Auch die wirtschaftspolitische Flankierung müsse stärker in den Fokus rücken, betont Kannengießer: Statt pauschaler Strategien brauche es gezielte diplomatische Initiativen, die thematisch und regional differenziert agieren, und zwar auf höchster politischer Ebene.
Dass solches Engagement willkommen ist, bestätigt Andries Oosthuizen, Vize-Botschafter Südafrikas in Berlin. Deutschland genieße in Afrika weiterhin hohes Ansehen als Technologie- und Ausbildungspartner. "Wir brauchen Investitionen in Infrastruktur, denn letztlich suchen auch deutsche Unternehmen vor allem Stabilität und politische Sicherheit", sagt Oosthuizen der DW.
Partnerschaft auf Augenhöhe?
Doch wirtschaftliches Engagement allein genügt nicht. Irgendwann stellt sich die grundsätzliche Frage: Wie versteht Deutschland seine Rolle in Afrika - als Partner auf Augenhöhe, als Investor oder als Rohstoffsicherer?
Kai Koddenbrock vom Bard College Berlin zweifelt am Anspruch gleichberechtigter Zusammenarbeit. Im Zentrum deutscher Interessen stünden vor allem stabile Lieferketten und günstiger Zugang zu Ressourcen. "Davon auszugehen, dass Deutschland ein echtes Interesse an einem starken afrikanischen Kontinent hat, der ihm höhere Preise aufzwingen kann, halte ich für unrealistisch", sagt er.

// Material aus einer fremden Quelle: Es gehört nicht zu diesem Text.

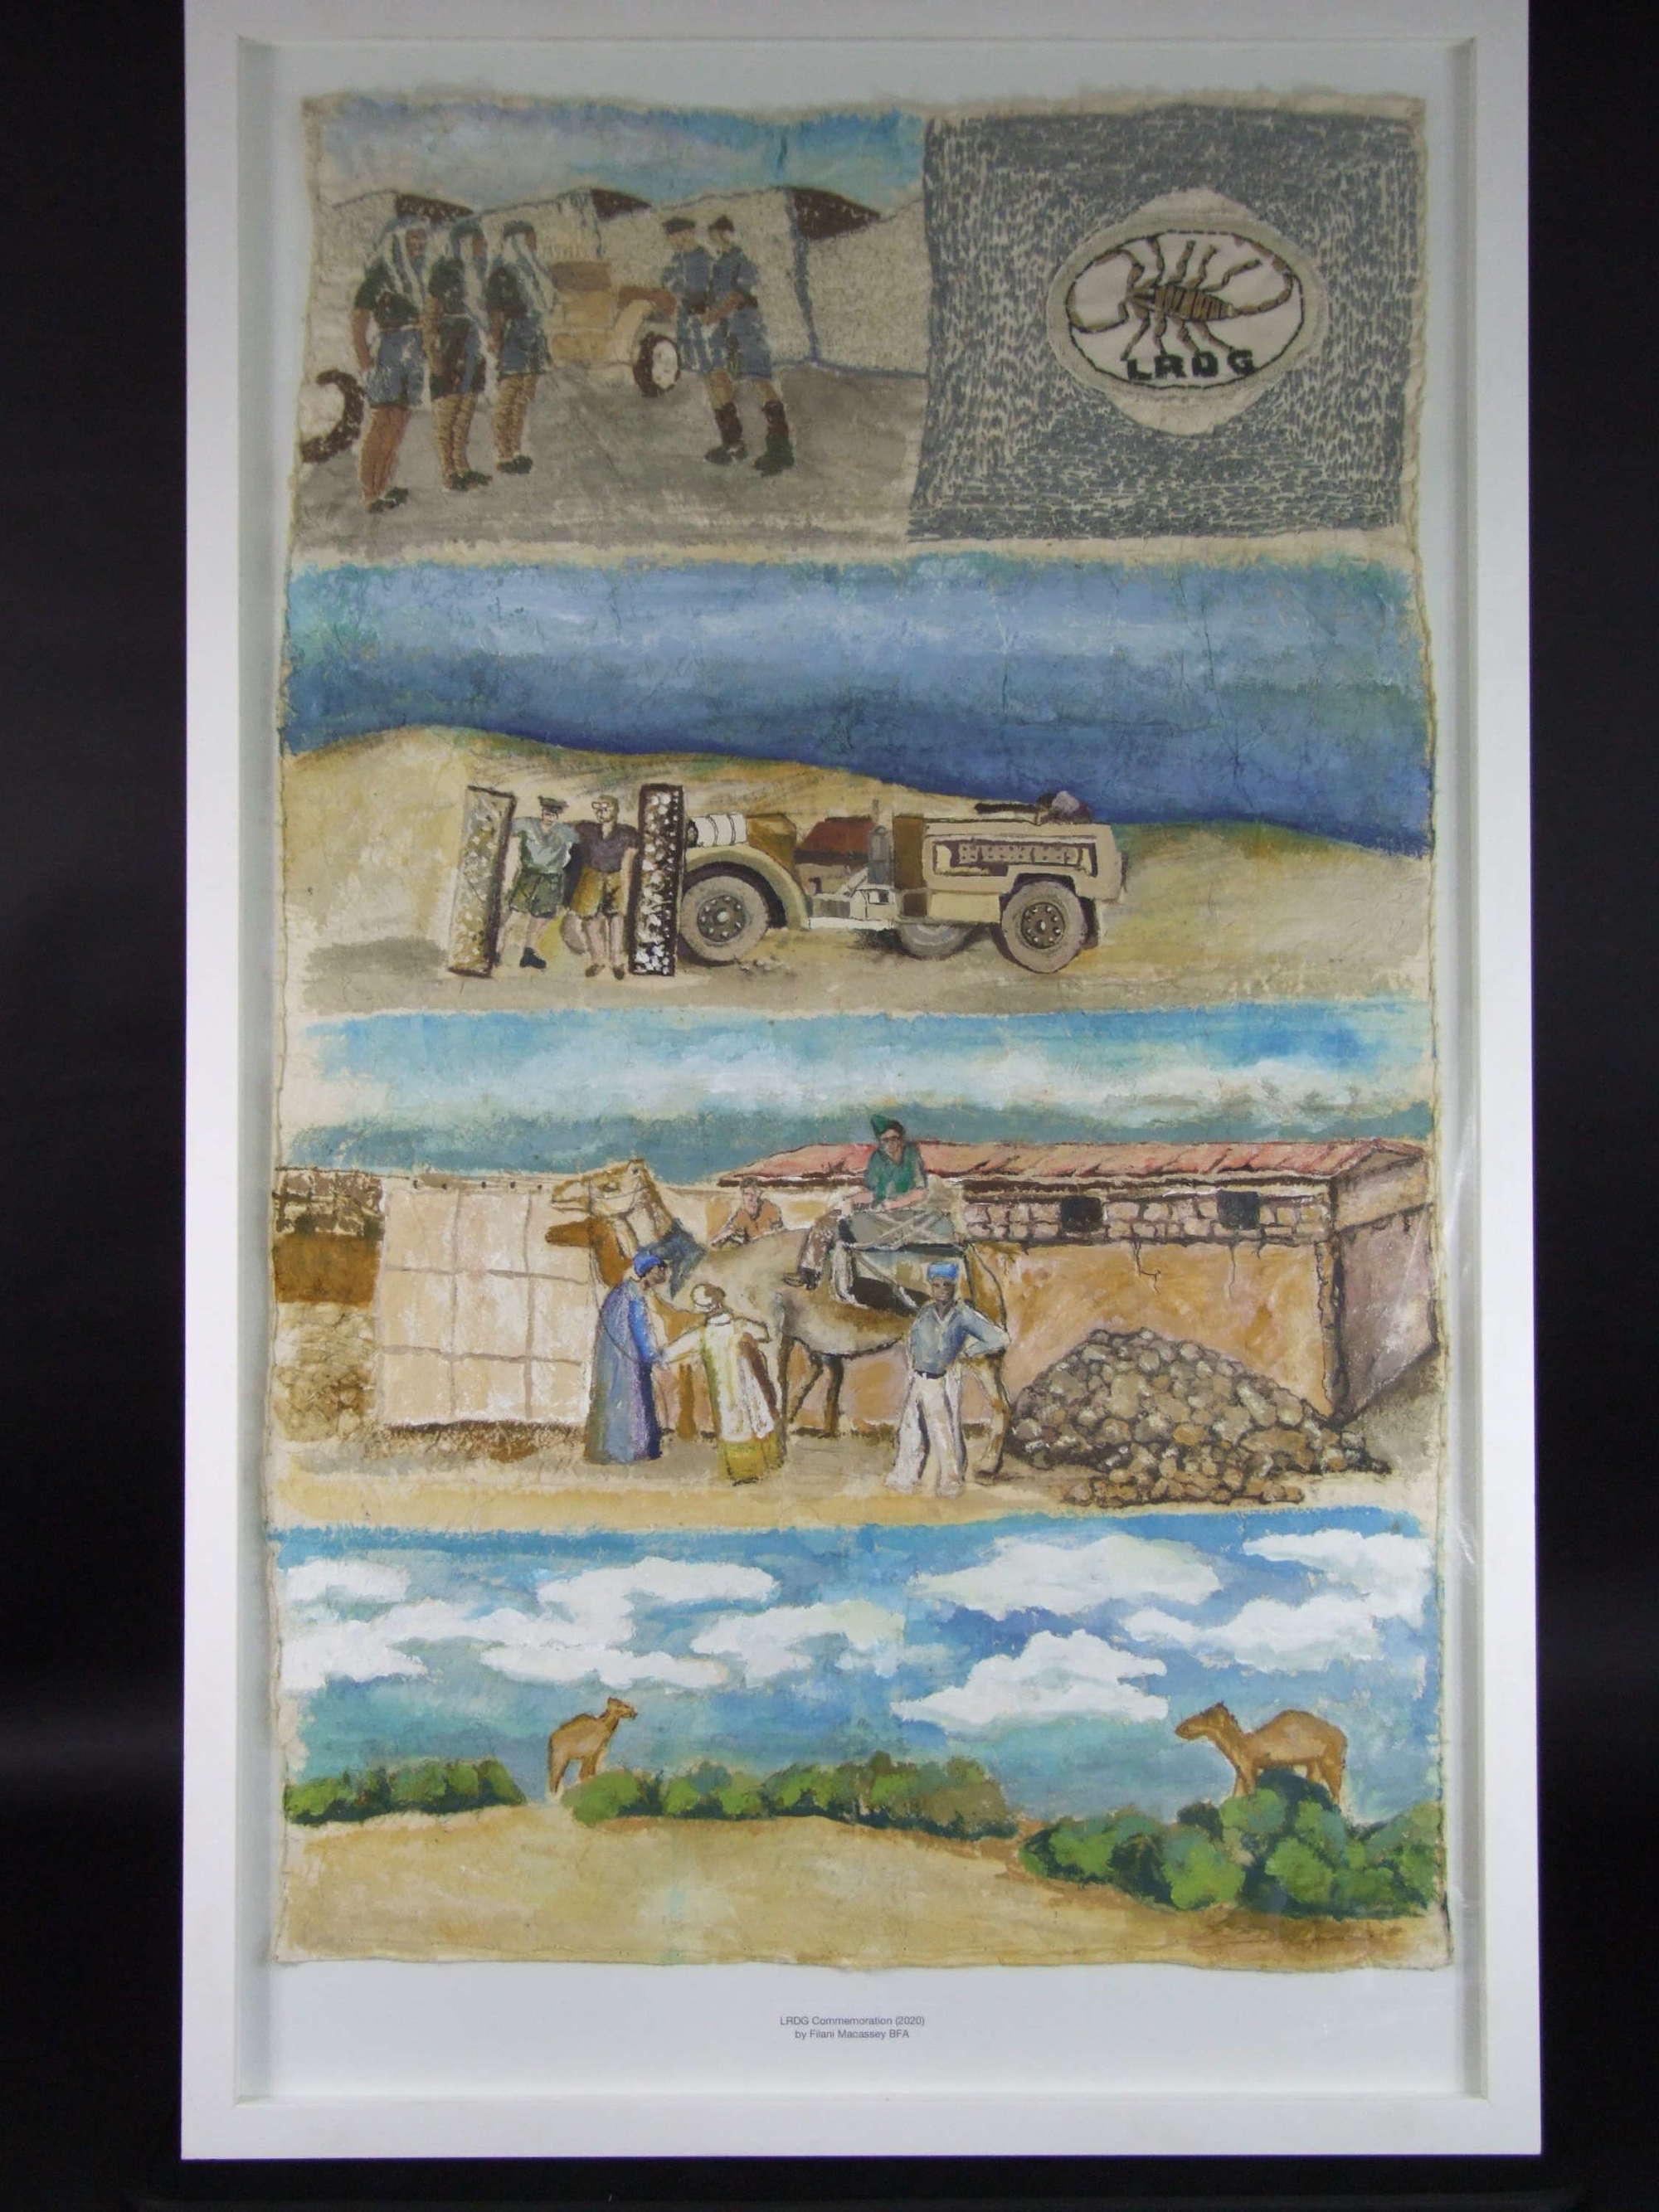 Long Range Desert Group Commemorative Artwork

In Afrika als glaubwürdiger Partner auftreten
Auch Investitionen seien nur dann partnerschaftlich, wenn sie sich an den wirtschaftspolitischen Zielen afrikanischer Staaten orientieren. Das bedeute lokale Weiterverarbeitung, den Aufbau eigener Industrien und wirtschaftliche Unabhängigkeit von europäischen Interessen.
"Wenn es wirklich um Augenhöhe geht, muss Europa auch bereit sein, Blockbildungen im Globalen Süden zu akzeptieren und höhere Preise für verarbeitete oder fertige Produkte aus Afrika zu zahlen", so Koddenbrock. "Wir müssen uns fragen, welche Art von Wirtschaft wir wollen, in Deutschland und auch global".
Es ist ein entscheidender Moment. Noch hat Deutschland die Chance, in Afrika als glaubwürdiger Partner aufzutreten: wirtschaftlich, politisch und technologisch. Doch dazu, da sind sich alle einig, braucht es mehr als Ankündigungen.